After addressing a 2021 CRL, Verrica Pharmaceuticals vies for the agent to become the first drug approved to treat the common skin infection.
Verrica Pharmaceuticals has resubmitted the New Drug Application (NDA) for investigative topical therapy VP-102 for the treatment of molluscum contagiosum.
The latest submission to the US Food and Drug Administration (FDA) comes after the company received a Complete Response Letter (CRL) for its NDA in 2021, at which time the agency identified issues with a contract manufacturing organization (CMO) facility relevant to the drug. However, Verrica denied the facility in question was specifically related to the manufacturing of VP-102. They additionally noted the FDA had not identified deficiencies related to the product’s clinical, safety, chemistry, manufacturing or control characteristics in the CRL.
With the announced NDA resubmission, Verrica highlighted a “successful tech transfer” of bulk solution manufacturing to resolve the CRL issue. “We look forward to working with the FDA through the review process, and if approved, bringing VP-102 to patients as the first FDA-approved treatment option for molluscum,” Verrica president and chief executive officer Ted White said in a statement.
VP-102 is a drug-device combination therapy featuring a single-use, topical, targeted application of 0.7% w/v cantharidin to treat molluscum. Pooled analysis of a pair of phase 3 trials assessing the agent in pediatric and adult patients with molluscum showed mean lesion counts in treated patients decreased by 76%, versus just 0.3% in patients treated with vehicle at day 84 (P <.0001). Approximately half of all patients to receive VP-102 achieved complete molluscum lesion clearance at day 84 (P <.0001).

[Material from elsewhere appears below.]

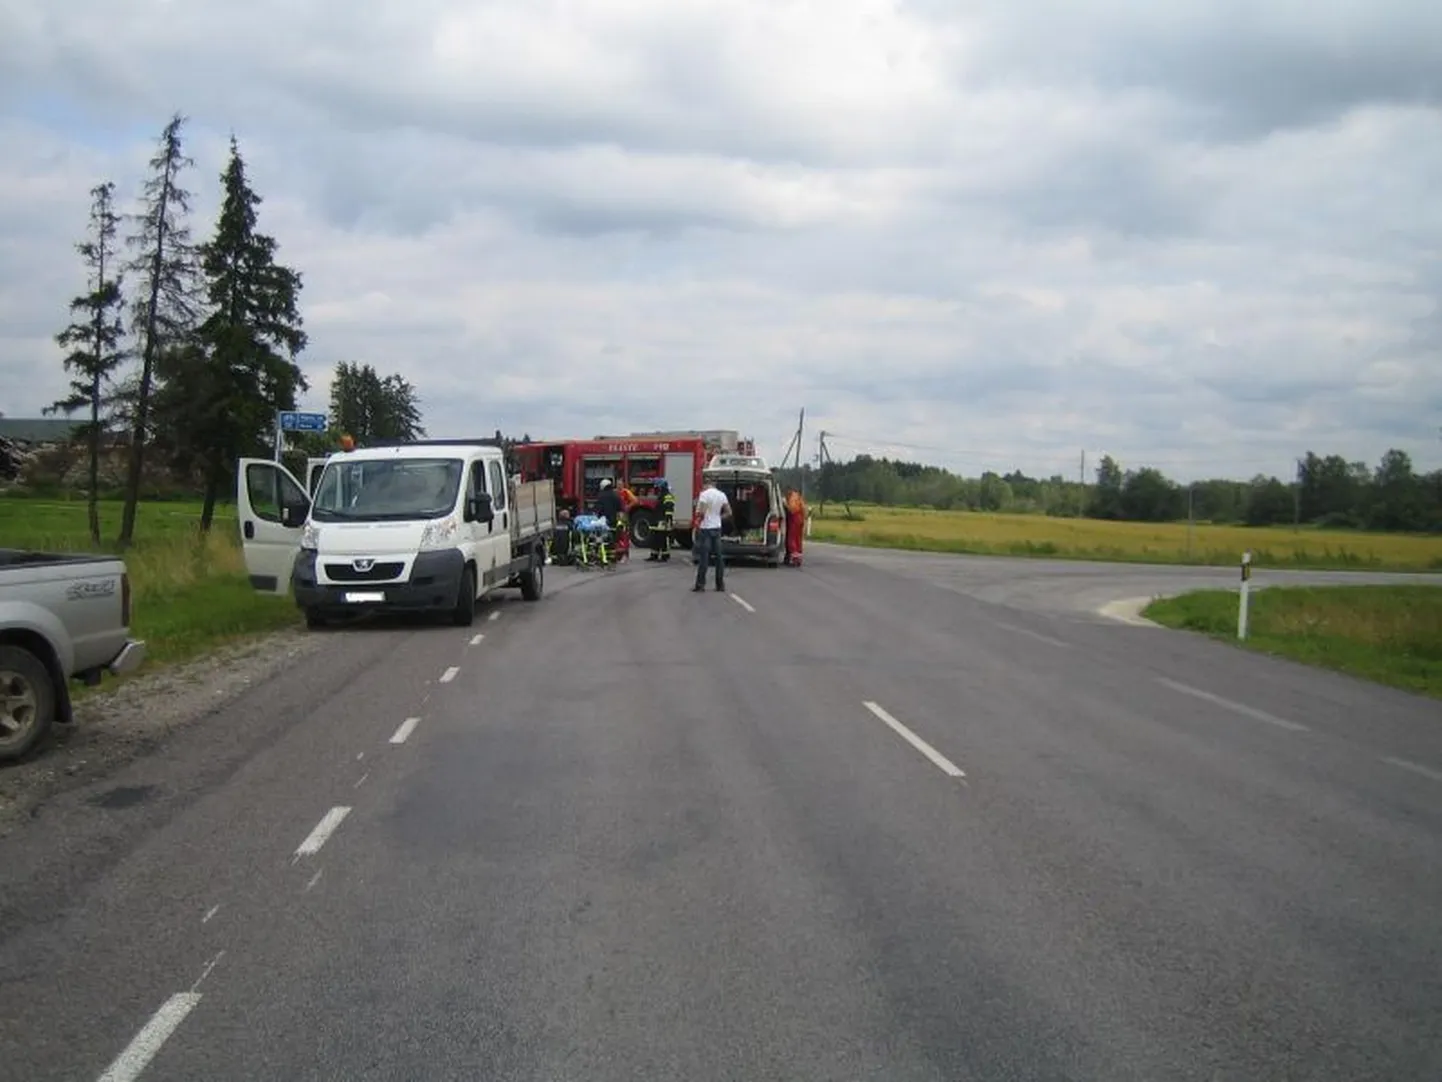 Liiklusõnnetus Järvamaal Paide vallas Pärnu-Rakvere-Sõmeru mnt 99. kilomeetril

Common adverse events associated with VP-102 were mild-to-moderate application site blistering, pruritus, pain and erythema.

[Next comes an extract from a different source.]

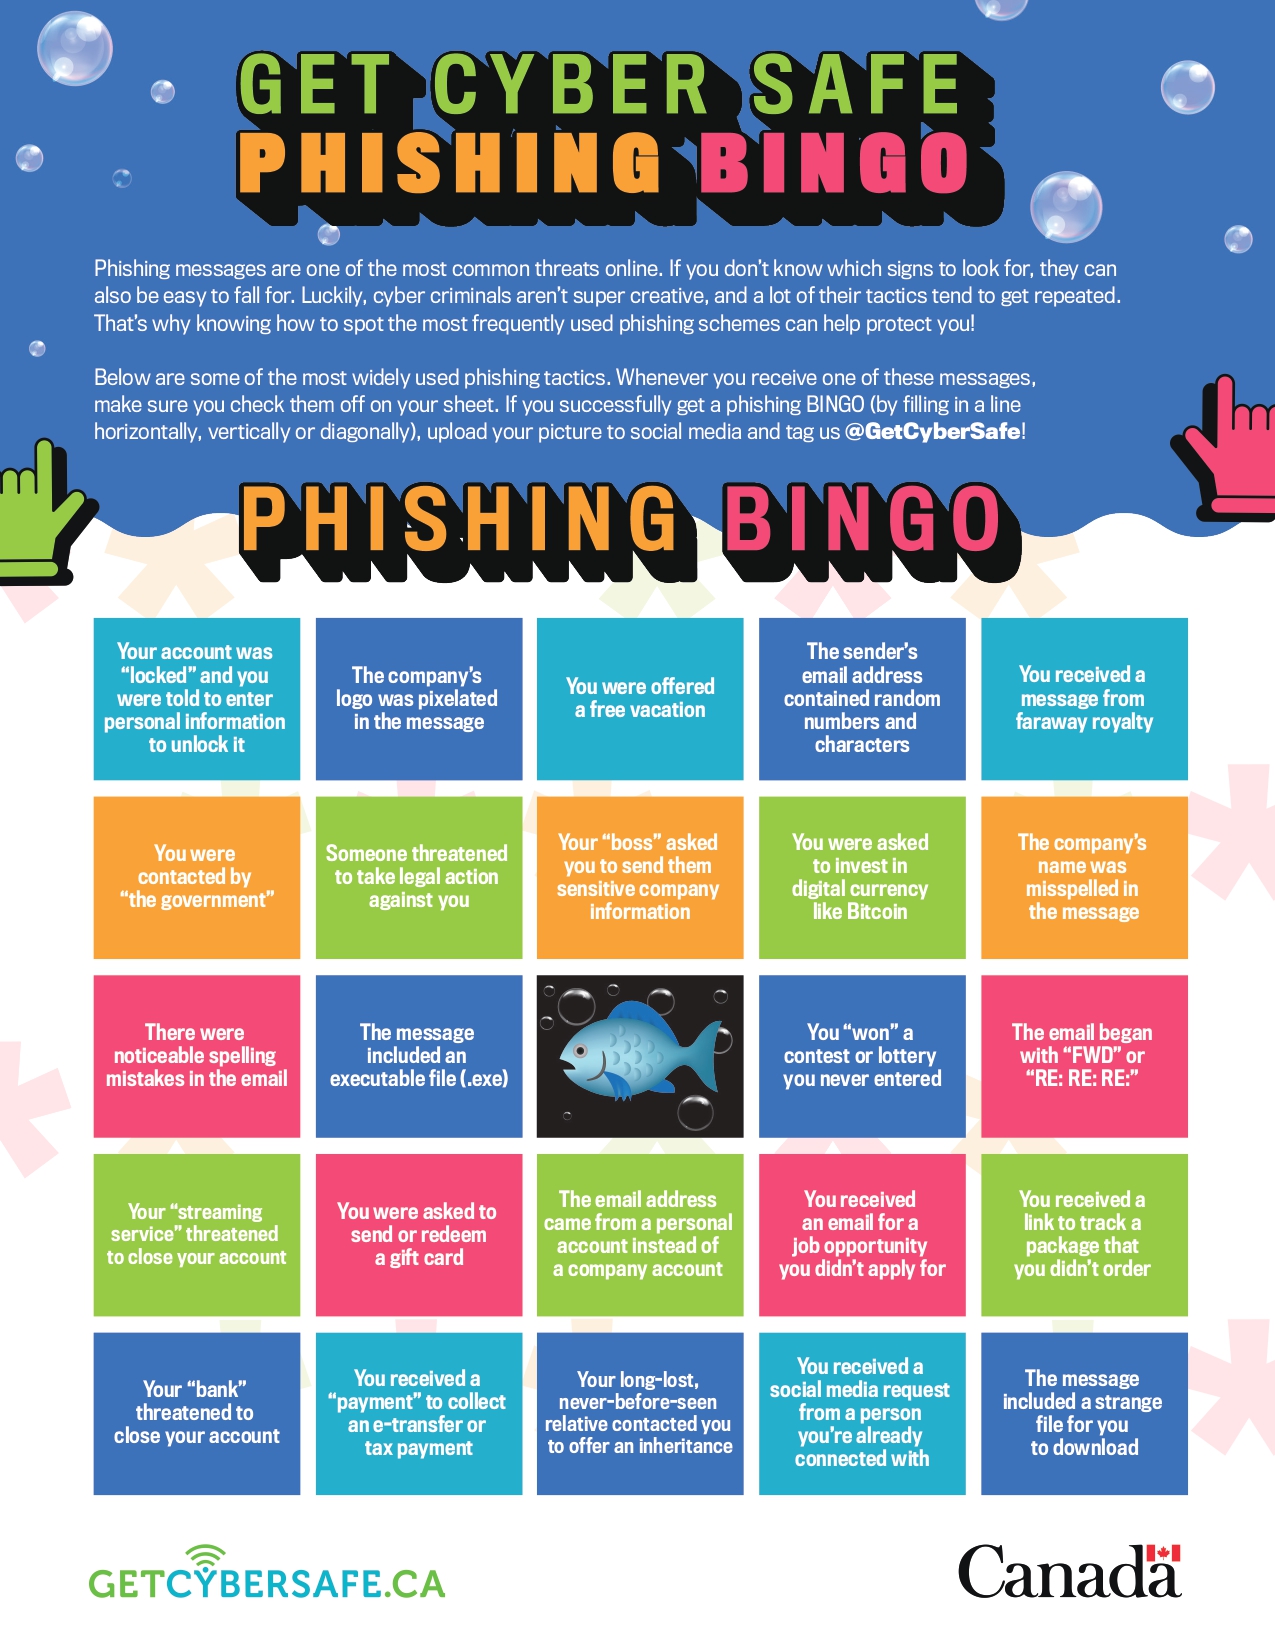 Phishing Bingo

Molluscum is a highly contagious viral skin infection caused by pox virus that results in painful, inflammatory and irritated lesions. Untreated cases can last for a mean 13 months, or up to several years. A majority of the approximate 6 million patients in the US are children, and no treatment is currently approved by the FDA.
VP-102 is additionally being assessed for the treatment of common warts and external genital warts, with Verrica having recently completed phase 2 clinical trials for both patient populations.